◆ **Input**:
######
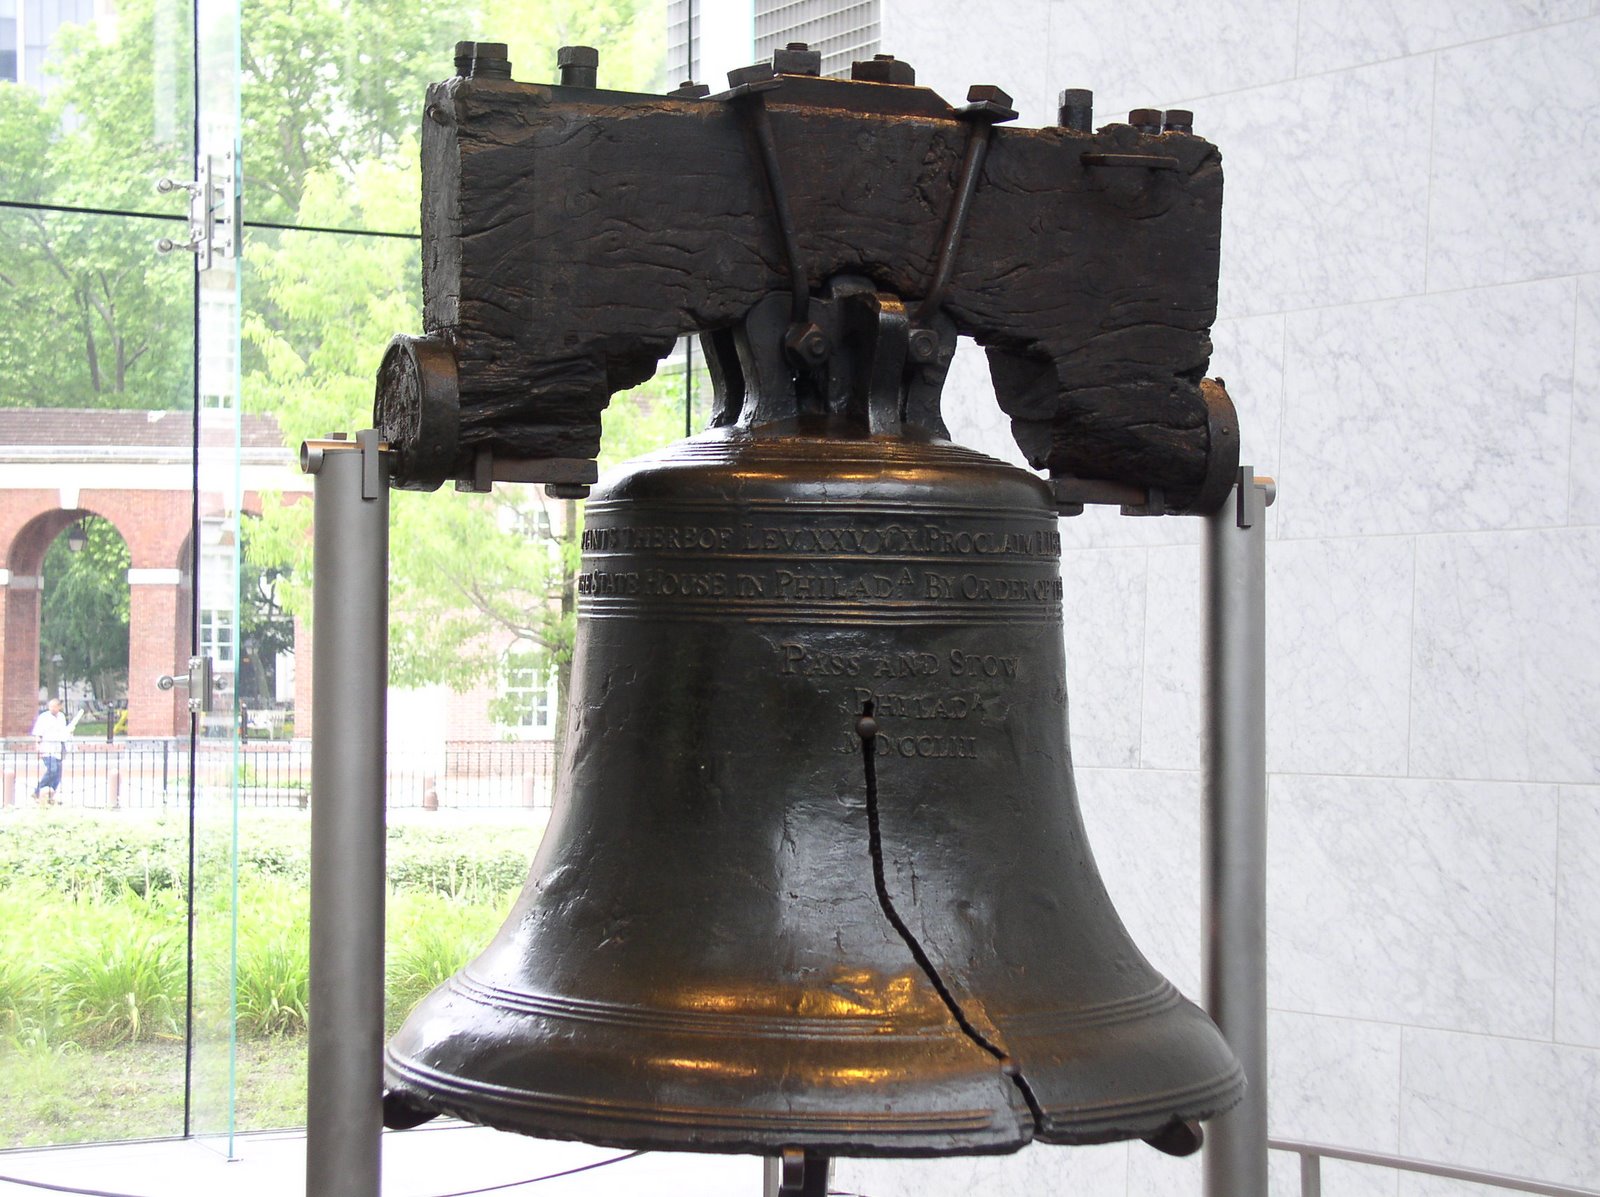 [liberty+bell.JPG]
######
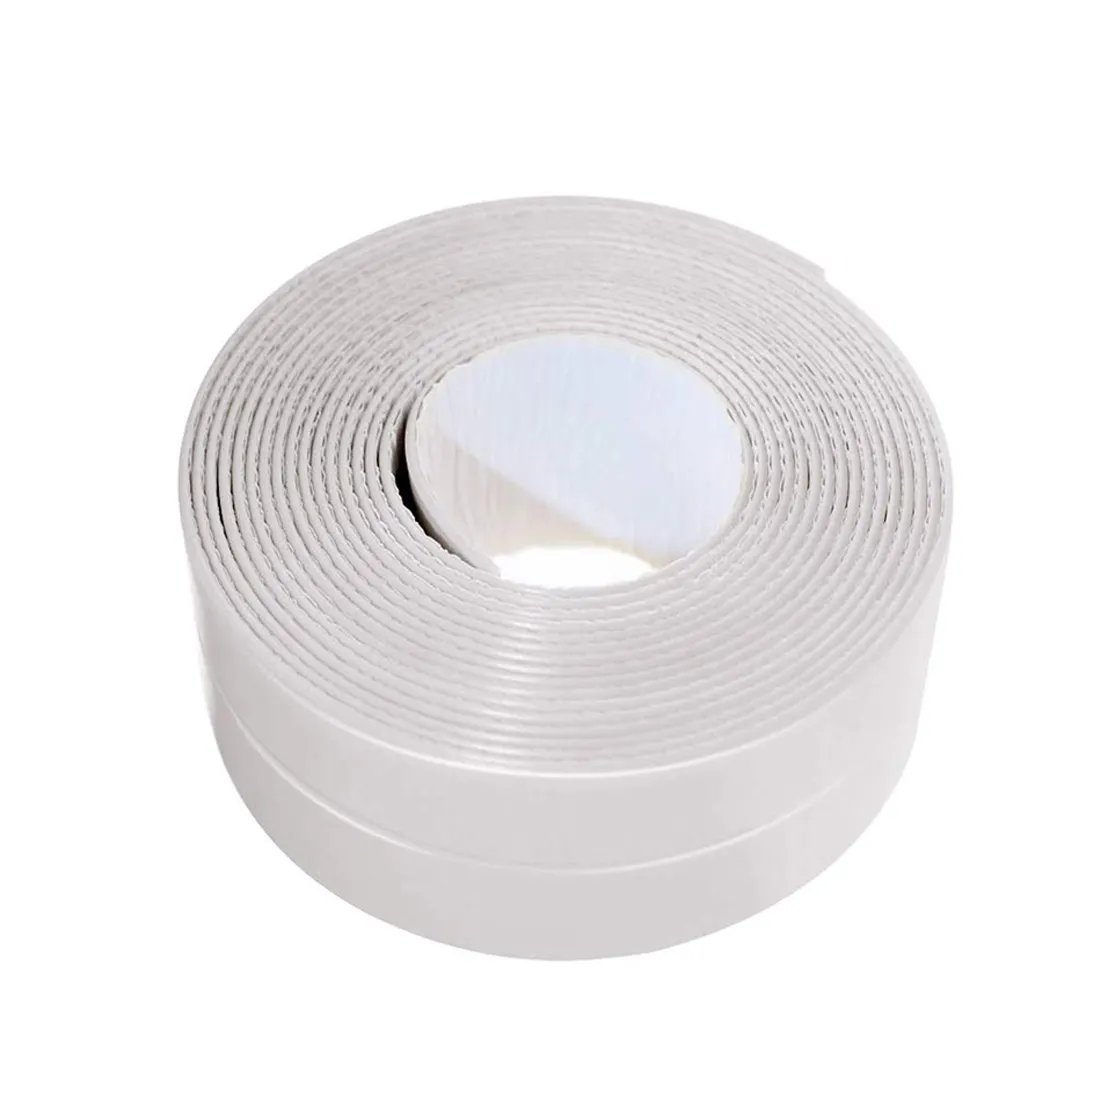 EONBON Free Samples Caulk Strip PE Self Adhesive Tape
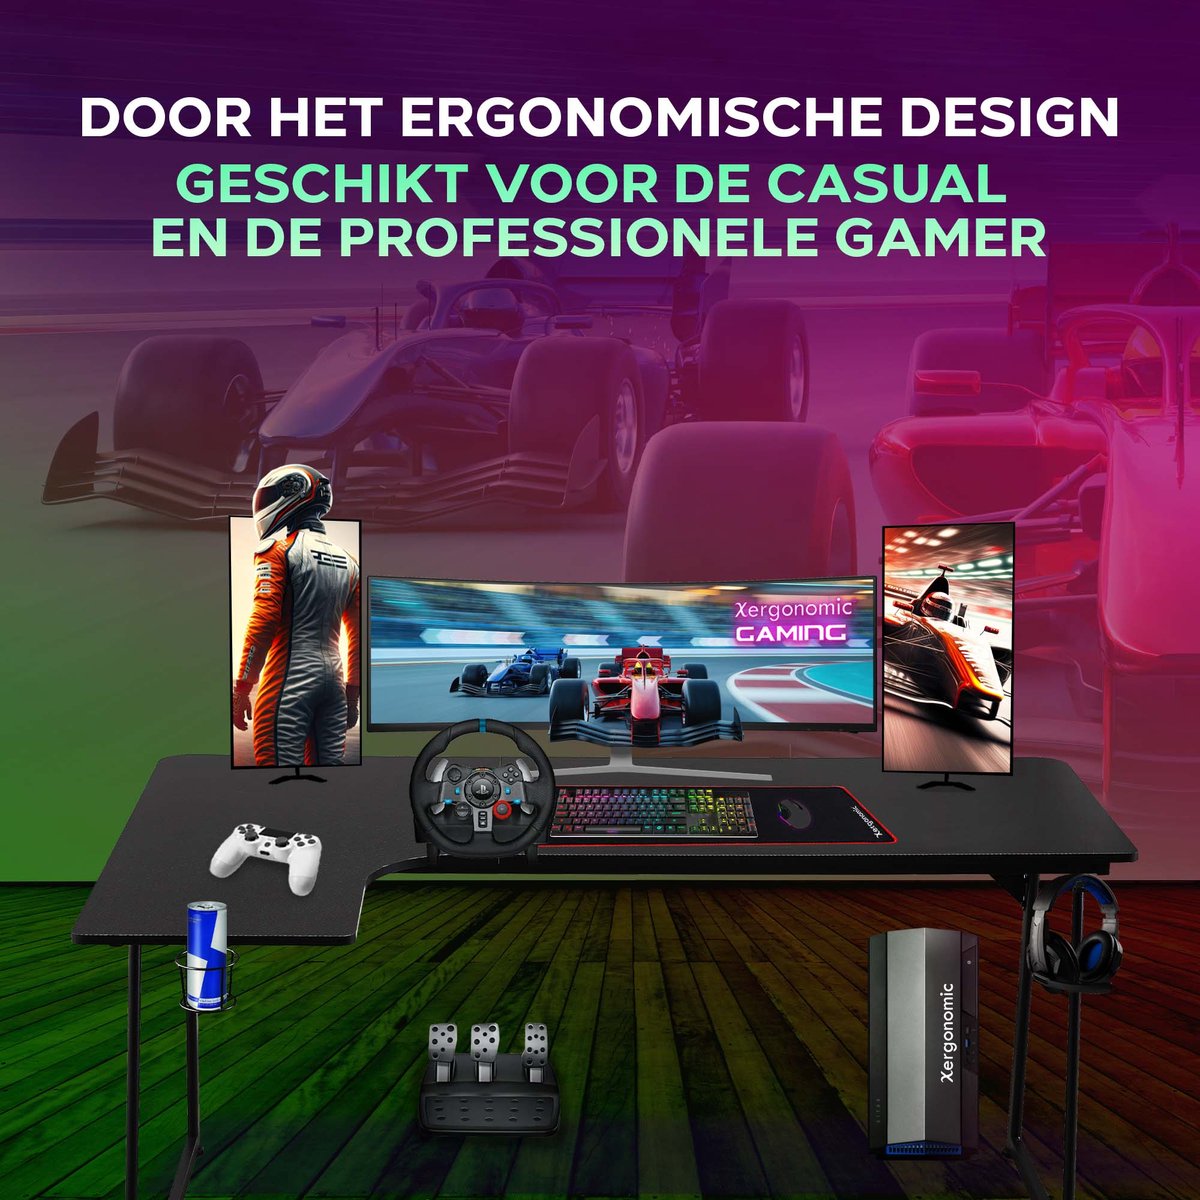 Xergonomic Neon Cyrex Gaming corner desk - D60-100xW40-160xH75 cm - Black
######
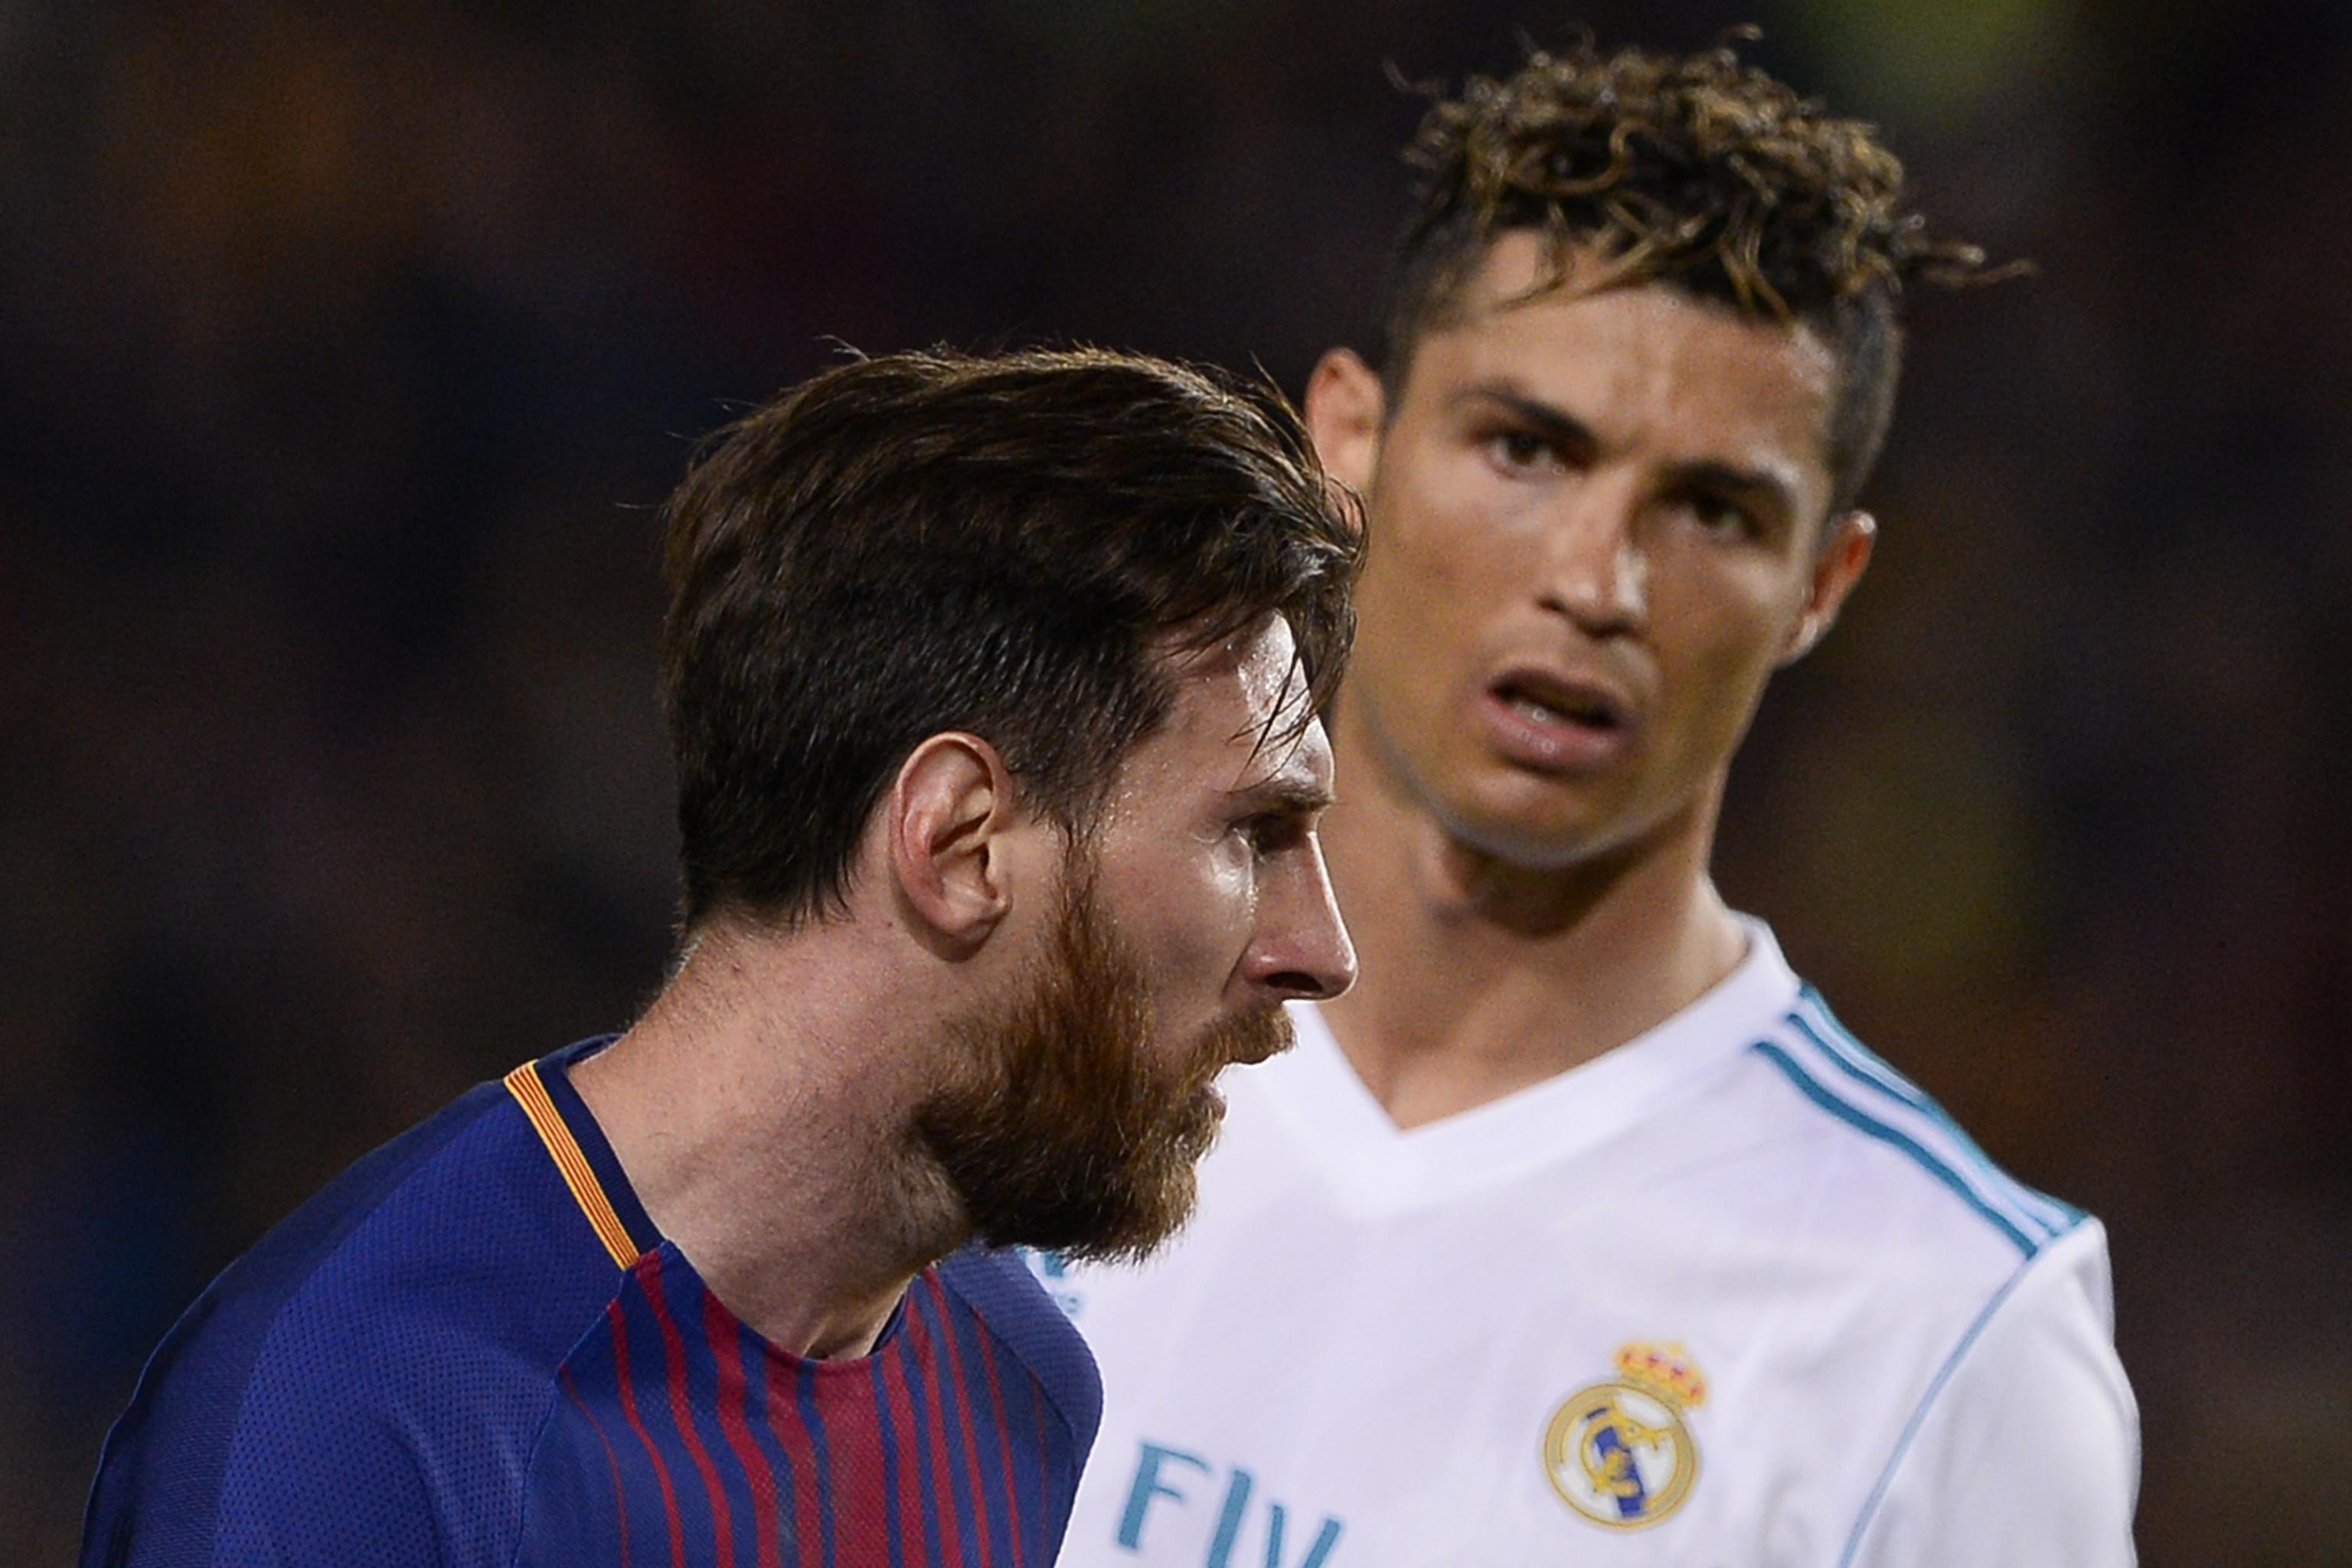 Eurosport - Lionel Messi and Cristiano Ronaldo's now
######
◆ **Required work**:
Starting with the line that contains "EONBON Free Samples" and finishing with the line that contains "Xergonomic Neon Cyrex", reproduce every line of the material above exactly, but not the pictures.

◆ **Reply**:
 EONBON Free Samples Caulk Strip PE Self Adhesive Tape
 Xergonomic Neon Cyrex Gaming corner desk - D60-100xW40-160xH75 cm - Black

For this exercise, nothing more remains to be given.